More studies are needed to confirm the findings, but experts said the research points to a new potential cause for the worldwide rise in cases of ADHD, a neuro-behavioral condition which has no known cause and affects as many as 5% of US children.

Also known as paracetamol

Women who took acetaminophen, also known as paracetamol, while pregnant had a 37% higher risk of having a child who would be later given a hospital diagnosis of hyperkinetic disorder, a particularly severe form of ADHD, according to the study published in the Journal of the American Medical Association (JAMA) Paediatrics.

Read: Why pregnant women smoke?

Compared to women who did not take acetaminophen while pregnant, women who did also had a 29% higher chance of having children who were later prescribed medications for attention deficit hyperactivity disorder, and a 13% higher chance of exhibiting ADHD-like behaviors by age seven.

Previous research has suggested that acetaminophen can interfere with normal hormone function and may affect the developing foetal brain.
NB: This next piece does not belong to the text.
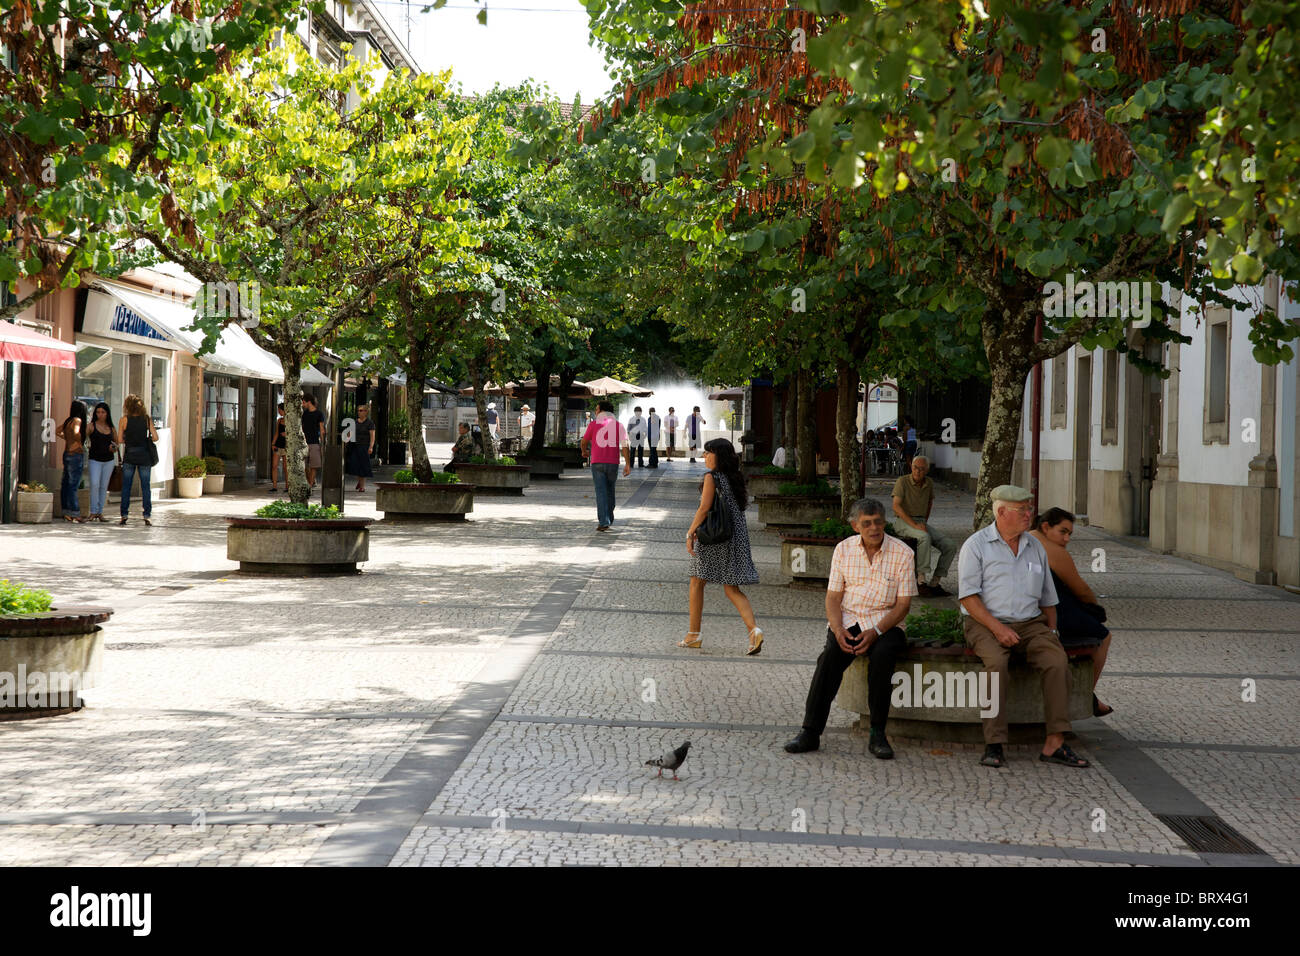 Quiet summer street scene in Braga Portugal. People resting in the shade and walking around the pleasant cobbled streets. Stock Photo

The painkiller has also been linked to a slightly increased risk in boys of cryptorchidism, a condition in which the testicles do not descend.

The latest research was based on survey data on more than 64,000 Danish women from 1996 to 2002.

More than half said they took acetaminophen at least once during pregnancy.

Outside experts cautioned that the observational findings do not prove that taking Tylenol-like pain relievers causes ADHD, only that a preliminary link between the two has appeared and would need to be confirmed by further research.

Caution urged

"Findings from this study should be interpreted cautiously and should not change practice," said an accompanying editorial in JAMA Paediatrics by Miriam Cooper and colleagues at the Cardiff University School of Medicine.

Read:  Cancers on the rise in pregnant women

"However, they underline the importance of not taking a drug's safety during pregnancy for granted."

The reasons the women took the painkillers could have also had a confounding effect on the outcome, they added.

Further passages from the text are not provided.